Alternate uses of this area in the park would emerge, though. The Mapping LGBTQ St. Louis project has documented how the Spanish-American War cannon across the street from the Confederate monument became an important location for LGBTQ people by the mid-twentieth century. It served as a hangout spot, a cruising venue (a place men frequented for sexual encounters), and the endpoint for a 1973 pride parade. Confederate Drive was even nicknamed the “fruit loop” by LGBTQ people. This history points toward the multiplicity of meanings that the area surrounding the Confederate monument held in the twentieth century.24
It was not until 2015, however, that the racial narratives legitimated by the monument and its longstanding occupation of public space began to encounter substantial public resistance. Exactly one hundred years after George Bailey’s initial critique, the site began to attract significant skepticism from politicians and protest from activists. In April of 2015, Mayor Francis Slay recommended the formation of a committee to consider whether the monument should be relocated.25 Following this call, the committee formally recommended that the monument should be moved to the Missouri Civil War Museum or simply stored by the city.26 Others engaged the monument from a different angle, as in the case of activists who adorned the relief with Black Lives Matter signs.27 In doing so, they transgressed the boundaries that White-supremacist rituals and media had established in prior decades: they laid bare the racism that had long undergirded the site as they used the site as a platform for protest. In the wake of social conflict over the death of Michael Brown in Ferguson as well as tragedies beyond St. Louis (most notably the Charleston Massacre at Emanuel AME Church), the Confederate Monument in Forest Park had simultaneously become a public relations problem and a meaningful political venue.
Unveiled at the height of the Jim Crow era (only two months before the premiere of D.W. Griffith’s The Birth of a Nation and slightly more than two years before the East St.

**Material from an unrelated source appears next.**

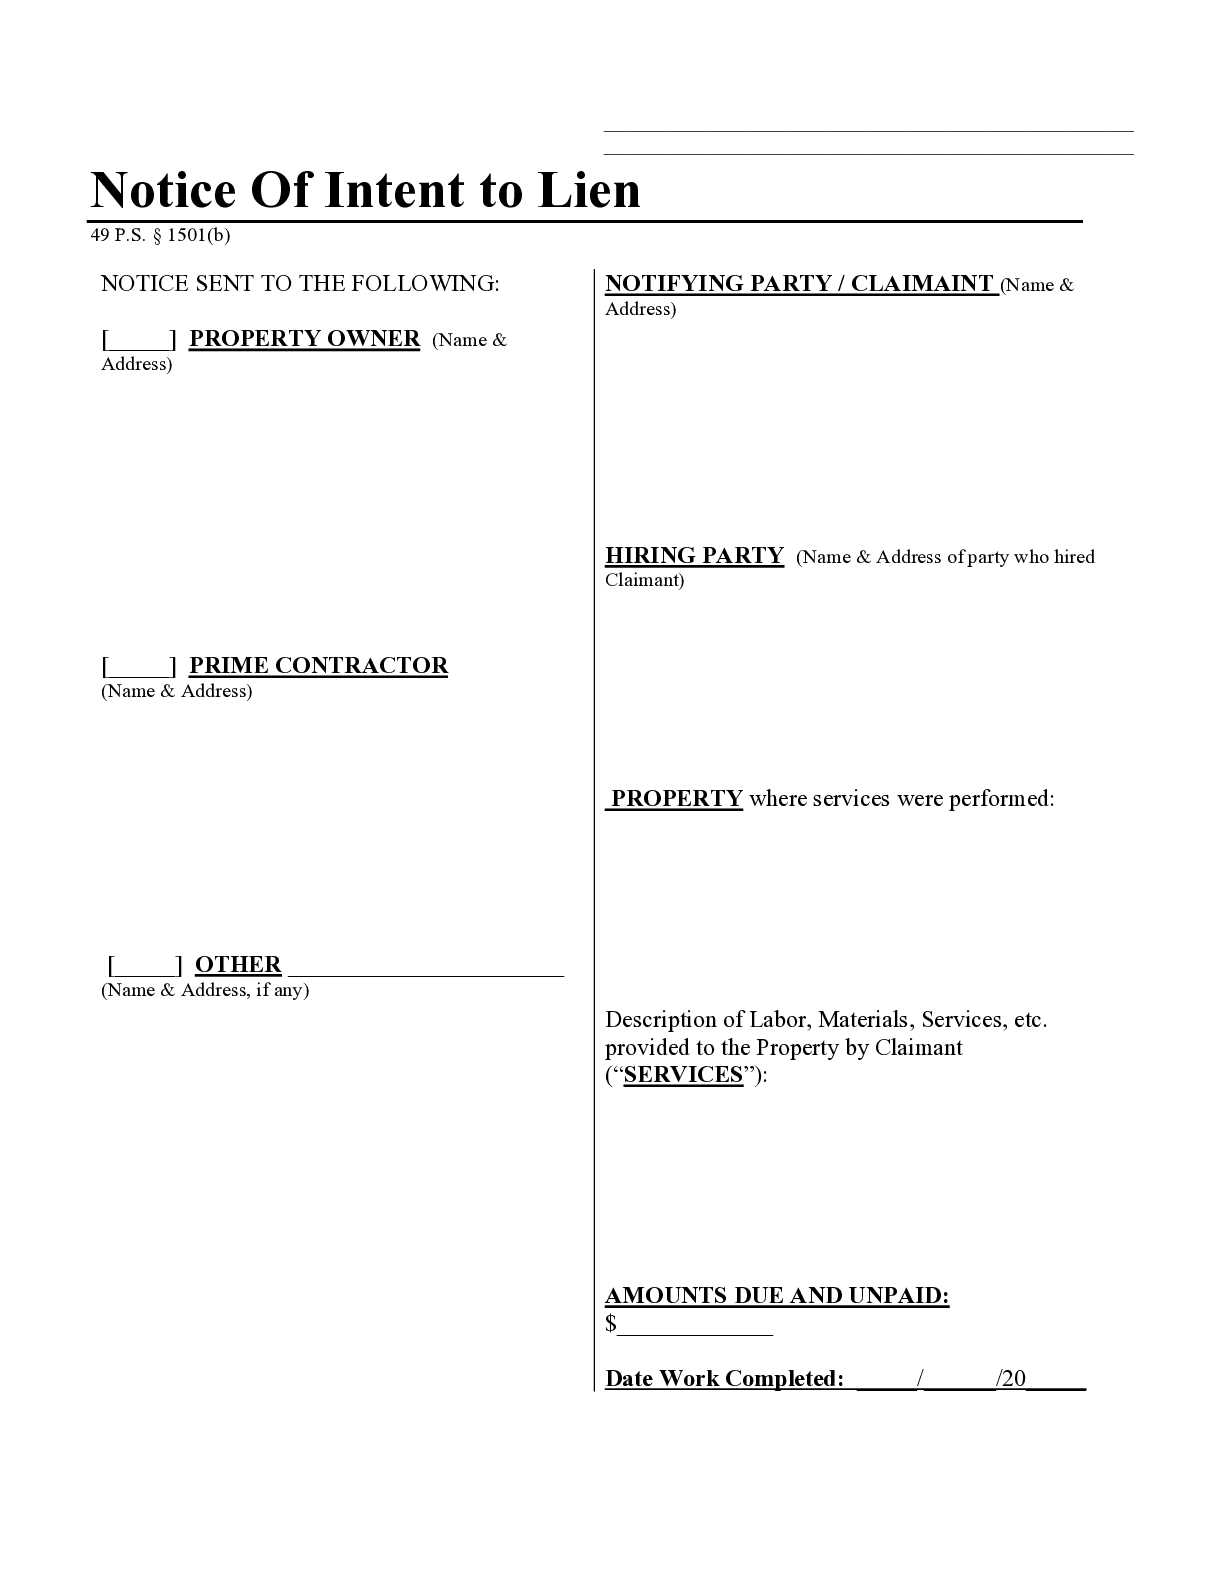 Pennsylvania Notice of Intent to Lien Form | Free Downloadable Template - free from

Louis Race Riot), the monument received minimal public criticism in its early moments.
This local and national rupture eventually led to the undoing of the monument. In June 2017, the city finally announced its fate: it would be removed to the Missouri Civil War Museum, which could display it publicly, though not in St. Louis or St. Louis County.28 By the end of June, the monument was taken down, much like similar Confederate statues in Baltimore and New Orleans in the summer of 2017, and by the end of the summer, Confederate Drive had been razed.29 The politics of race continue to reflect and shape the historical narrative that is (or is not) legitimated about slavery and the Civil War in St. Louis as they have once again reshaped the physical and symbolic landscape of Forest Park.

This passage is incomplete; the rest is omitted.